She keeps walking, praying that her knees aren't actually shaking as much as they feel like they are, and waves Mr. Kang back down when he starts to rise to his feet. Ha-ri sinks down onto the same couch she'd occupied on that disaster of a blind date, sits back, and folds her arms over her stomach.
"Why am I here?" Ha-ri asks him, meeting his eyes squarely.
Because it's not hard to see Kang Taemu's guiding hand behind tonight's events. Yeongsuh wouldn't have chosen this, not after Ha-ri threatened to break off their friendship the last time.

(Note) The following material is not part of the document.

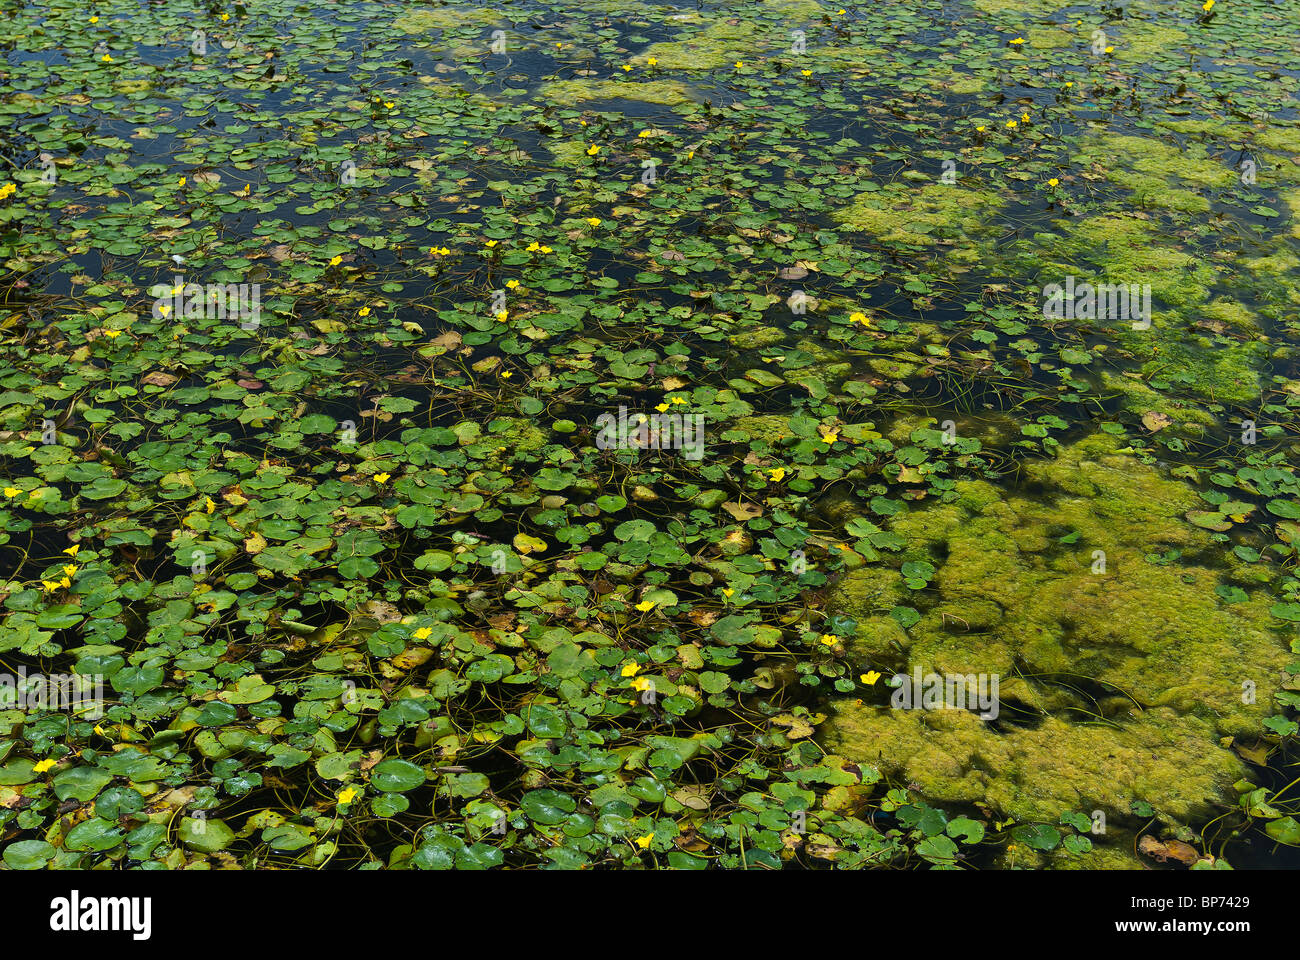 Floating heart, fringed water lily, yellow floatingheart. Stock Photo

(Fool me once, Ha-ri thinks with the ghost of a laugh.)
But Kang Taemu is the kind of man who always has a plan to get what he wants. If he pressured Secretary Cha, and then the pair of them turned on Yeongsuh... That would have been way too much for Yeongsuh's romantic little heart to handle.
Ha-ri loves her best friend like she's family, but she's not blind.
"I owe you an apology, Miss Shin," Mr. Kang says gravely; to Ha-ri's utter astonishment, he rises from his couch and bows to her, the angle absolutely correct for penitence and shame, and he holds it for several thundering beats of her heart before he straightens, his eyes locked on her face. "Please allow me to explain myself." She must look like an idiot, with her eyes wide and her mouth gaping like a fish, but Mr. Kang just smiles at her, so soft and gentle that it gives her another heart attack, and takes his seat again.
Ha-ri wishes he'd stop looking at her like he's still pretending to be her dedicated and sweet boyfriend. It's really messing with her head.
"You know that I dislike being lied to," Mr. Kang says quietly. He waves away her instinctive wince with a small, dismissive gesture that shocks her almost as much as the bow did. "I don't mean to belabor the point, but there is a reason for it. I have very little time for dishonesty and people covering their asses. I always find the truth eventually, and every moment that person has lied to me becomes a moment wasted, when I don't have enough of them to begin with." Somehow the look in his eyes becomes softer than ever. "But you... The only time I cared that you were lying to me was when I couldn't reach you. Suddenly, I was forced to realize that you could disappear from my life and I might never find you again."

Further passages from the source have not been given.